- [GOAL OF THE EXERCISE]:
Only the lines from the top of the data through the line with "Spitfire Formula Four" should be repeated, each exactly as written.

- [INPUT]:
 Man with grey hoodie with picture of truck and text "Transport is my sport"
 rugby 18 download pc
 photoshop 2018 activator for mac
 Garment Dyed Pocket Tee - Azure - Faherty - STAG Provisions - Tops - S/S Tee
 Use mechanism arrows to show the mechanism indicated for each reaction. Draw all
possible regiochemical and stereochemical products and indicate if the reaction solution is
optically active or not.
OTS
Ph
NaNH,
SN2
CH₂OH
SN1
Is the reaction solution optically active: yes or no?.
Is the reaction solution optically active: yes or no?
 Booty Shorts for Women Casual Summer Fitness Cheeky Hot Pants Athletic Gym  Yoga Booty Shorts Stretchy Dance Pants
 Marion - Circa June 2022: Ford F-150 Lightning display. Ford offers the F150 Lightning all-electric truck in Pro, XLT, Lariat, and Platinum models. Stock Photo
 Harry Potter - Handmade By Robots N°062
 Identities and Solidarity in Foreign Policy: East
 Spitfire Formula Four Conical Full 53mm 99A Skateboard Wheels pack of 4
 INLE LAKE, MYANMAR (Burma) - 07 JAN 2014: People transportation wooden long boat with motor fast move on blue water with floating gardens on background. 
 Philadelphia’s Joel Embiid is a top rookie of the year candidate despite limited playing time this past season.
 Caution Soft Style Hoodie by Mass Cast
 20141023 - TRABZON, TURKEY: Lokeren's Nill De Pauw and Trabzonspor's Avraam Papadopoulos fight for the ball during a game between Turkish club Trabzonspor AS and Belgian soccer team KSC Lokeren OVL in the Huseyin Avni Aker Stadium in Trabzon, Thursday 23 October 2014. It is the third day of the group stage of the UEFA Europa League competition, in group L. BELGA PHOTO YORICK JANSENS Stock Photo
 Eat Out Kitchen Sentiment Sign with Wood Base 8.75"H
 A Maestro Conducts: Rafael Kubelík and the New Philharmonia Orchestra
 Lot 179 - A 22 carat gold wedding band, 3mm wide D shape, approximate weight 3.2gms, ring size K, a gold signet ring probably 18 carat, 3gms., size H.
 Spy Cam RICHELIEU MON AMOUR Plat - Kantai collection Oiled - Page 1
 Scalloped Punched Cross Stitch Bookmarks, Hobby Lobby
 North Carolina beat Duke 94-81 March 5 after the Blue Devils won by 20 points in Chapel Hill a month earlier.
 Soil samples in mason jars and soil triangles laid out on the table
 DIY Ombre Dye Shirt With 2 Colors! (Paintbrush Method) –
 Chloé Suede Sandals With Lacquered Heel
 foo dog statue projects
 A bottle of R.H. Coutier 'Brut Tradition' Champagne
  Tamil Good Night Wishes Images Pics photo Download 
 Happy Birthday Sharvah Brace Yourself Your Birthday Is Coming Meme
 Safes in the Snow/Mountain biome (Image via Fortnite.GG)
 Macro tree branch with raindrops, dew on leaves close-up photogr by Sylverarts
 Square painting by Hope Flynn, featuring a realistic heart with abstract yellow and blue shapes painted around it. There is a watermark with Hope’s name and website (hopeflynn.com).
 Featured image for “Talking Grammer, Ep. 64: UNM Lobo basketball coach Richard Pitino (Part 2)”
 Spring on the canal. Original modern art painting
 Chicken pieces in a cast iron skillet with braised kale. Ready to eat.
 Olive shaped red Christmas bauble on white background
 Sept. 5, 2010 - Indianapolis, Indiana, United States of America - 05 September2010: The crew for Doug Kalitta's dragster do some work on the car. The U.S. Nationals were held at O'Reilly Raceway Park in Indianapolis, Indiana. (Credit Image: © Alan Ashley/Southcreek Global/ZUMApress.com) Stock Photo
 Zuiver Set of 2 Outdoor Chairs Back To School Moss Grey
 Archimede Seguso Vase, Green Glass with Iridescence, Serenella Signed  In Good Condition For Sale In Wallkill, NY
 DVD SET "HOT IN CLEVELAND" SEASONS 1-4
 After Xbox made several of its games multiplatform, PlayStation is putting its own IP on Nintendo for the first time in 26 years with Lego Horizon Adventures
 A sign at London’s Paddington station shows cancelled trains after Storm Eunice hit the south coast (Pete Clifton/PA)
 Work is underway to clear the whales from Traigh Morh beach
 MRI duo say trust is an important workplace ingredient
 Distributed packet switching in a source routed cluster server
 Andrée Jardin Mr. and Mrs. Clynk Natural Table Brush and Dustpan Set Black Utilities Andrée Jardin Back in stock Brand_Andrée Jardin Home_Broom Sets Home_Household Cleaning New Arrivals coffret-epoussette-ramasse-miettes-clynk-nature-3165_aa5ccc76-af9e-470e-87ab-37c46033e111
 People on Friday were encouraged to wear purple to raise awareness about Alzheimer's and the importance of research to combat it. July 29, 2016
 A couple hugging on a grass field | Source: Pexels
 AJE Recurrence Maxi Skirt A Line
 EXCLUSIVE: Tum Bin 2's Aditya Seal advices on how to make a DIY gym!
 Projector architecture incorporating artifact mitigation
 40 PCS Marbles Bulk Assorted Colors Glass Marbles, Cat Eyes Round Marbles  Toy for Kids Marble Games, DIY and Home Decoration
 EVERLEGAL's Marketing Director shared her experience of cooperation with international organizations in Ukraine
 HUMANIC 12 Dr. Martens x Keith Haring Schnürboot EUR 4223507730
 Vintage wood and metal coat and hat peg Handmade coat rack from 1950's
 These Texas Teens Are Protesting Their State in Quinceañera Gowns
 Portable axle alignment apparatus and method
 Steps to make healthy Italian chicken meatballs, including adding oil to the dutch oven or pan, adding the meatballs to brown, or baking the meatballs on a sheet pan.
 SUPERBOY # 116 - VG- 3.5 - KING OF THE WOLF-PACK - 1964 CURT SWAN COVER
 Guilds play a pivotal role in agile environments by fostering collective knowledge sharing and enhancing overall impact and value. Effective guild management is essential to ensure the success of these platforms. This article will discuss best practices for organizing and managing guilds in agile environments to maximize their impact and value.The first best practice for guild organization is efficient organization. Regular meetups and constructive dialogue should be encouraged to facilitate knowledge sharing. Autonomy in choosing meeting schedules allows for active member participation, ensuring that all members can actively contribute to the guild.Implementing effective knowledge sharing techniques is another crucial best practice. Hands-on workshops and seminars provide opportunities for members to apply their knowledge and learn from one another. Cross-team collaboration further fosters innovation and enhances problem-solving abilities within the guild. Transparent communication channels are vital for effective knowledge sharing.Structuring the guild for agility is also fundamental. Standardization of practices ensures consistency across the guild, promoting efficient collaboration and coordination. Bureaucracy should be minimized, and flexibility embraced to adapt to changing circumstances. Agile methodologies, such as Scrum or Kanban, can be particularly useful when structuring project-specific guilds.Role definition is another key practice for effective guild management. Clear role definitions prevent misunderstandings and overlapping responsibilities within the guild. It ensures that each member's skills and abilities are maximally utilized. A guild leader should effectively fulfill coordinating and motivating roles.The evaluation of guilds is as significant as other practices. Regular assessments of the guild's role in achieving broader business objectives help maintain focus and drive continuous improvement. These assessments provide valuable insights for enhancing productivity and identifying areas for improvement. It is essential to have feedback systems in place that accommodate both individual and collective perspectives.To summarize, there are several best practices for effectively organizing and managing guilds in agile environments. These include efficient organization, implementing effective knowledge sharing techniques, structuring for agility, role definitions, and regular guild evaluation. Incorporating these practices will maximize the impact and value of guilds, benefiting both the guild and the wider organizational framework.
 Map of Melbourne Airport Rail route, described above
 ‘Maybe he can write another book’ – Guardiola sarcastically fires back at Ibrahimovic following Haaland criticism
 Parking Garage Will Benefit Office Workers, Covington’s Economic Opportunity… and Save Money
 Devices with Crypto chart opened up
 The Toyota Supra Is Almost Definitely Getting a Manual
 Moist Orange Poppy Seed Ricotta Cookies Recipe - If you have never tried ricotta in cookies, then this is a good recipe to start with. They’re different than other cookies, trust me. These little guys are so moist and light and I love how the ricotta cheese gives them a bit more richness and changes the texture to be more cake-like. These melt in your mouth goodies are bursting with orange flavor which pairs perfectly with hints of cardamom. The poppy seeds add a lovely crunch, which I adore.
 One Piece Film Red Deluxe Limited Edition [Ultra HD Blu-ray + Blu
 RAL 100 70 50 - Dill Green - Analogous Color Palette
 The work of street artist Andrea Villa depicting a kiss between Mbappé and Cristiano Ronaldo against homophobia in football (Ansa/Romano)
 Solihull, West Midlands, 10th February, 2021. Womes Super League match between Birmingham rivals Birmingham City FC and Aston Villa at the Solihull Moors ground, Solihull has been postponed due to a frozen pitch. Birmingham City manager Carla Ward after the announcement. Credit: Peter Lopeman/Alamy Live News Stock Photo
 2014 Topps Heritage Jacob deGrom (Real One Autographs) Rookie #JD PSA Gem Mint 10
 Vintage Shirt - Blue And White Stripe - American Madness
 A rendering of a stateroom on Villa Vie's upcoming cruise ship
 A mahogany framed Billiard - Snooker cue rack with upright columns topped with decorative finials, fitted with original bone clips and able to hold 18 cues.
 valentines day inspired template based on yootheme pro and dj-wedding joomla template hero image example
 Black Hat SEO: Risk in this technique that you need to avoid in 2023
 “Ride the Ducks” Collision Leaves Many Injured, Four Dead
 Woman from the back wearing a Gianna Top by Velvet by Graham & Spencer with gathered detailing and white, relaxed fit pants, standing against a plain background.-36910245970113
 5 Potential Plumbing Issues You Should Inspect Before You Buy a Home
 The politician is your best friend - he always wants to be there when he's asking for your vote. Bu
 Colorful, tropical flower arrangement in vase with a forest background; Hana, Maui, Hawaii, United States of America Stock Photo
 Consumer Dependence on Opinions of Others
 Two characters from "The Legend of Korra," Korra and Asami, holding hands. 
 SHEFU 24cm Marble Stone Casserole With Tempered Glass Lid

- [WRITTEN SOLUTION]:
 Man with grey hoodie with picture of truck and text "Transport is my sport"
 rugby 18 download pc
 photoshop 2018 activator for mac
 Garment Dyed Pocket Tee - Azure - Faherty - STAG Provisions - Tops - S/S Tee
 Use mechanism arrows to show the mechanism indicated for each reaction. Draw all
possible regiochemical and stereochemical products and indicate if the reaction solution is
optically active or not.
OTS
Ph
NaNH,
SN2
CH₂OH
SN1
Is the reaction solution optically active: yes or no?.
Is the reaction solution optically active: yes or no?
 Booty Shorts for Women Casual Summer Fitness Cheeky Hot Pants Athletic Gym  Yoga Booty Shorts Stretchy Dance Pants
 Marion - Circa June 2022: Ford F-150 Lightning display. Ford offers the F150 Lightning all-electric truck in Pro, XLT, Lariat, and Platinum models. Stock Photo
 Harry Potter - Handmade By Robots N°062
 Identities and Solidarity in Foreign Policy: East
 Spitfire Formula Four Conical Full 53mm 99A Skateboard Wheels pack of 4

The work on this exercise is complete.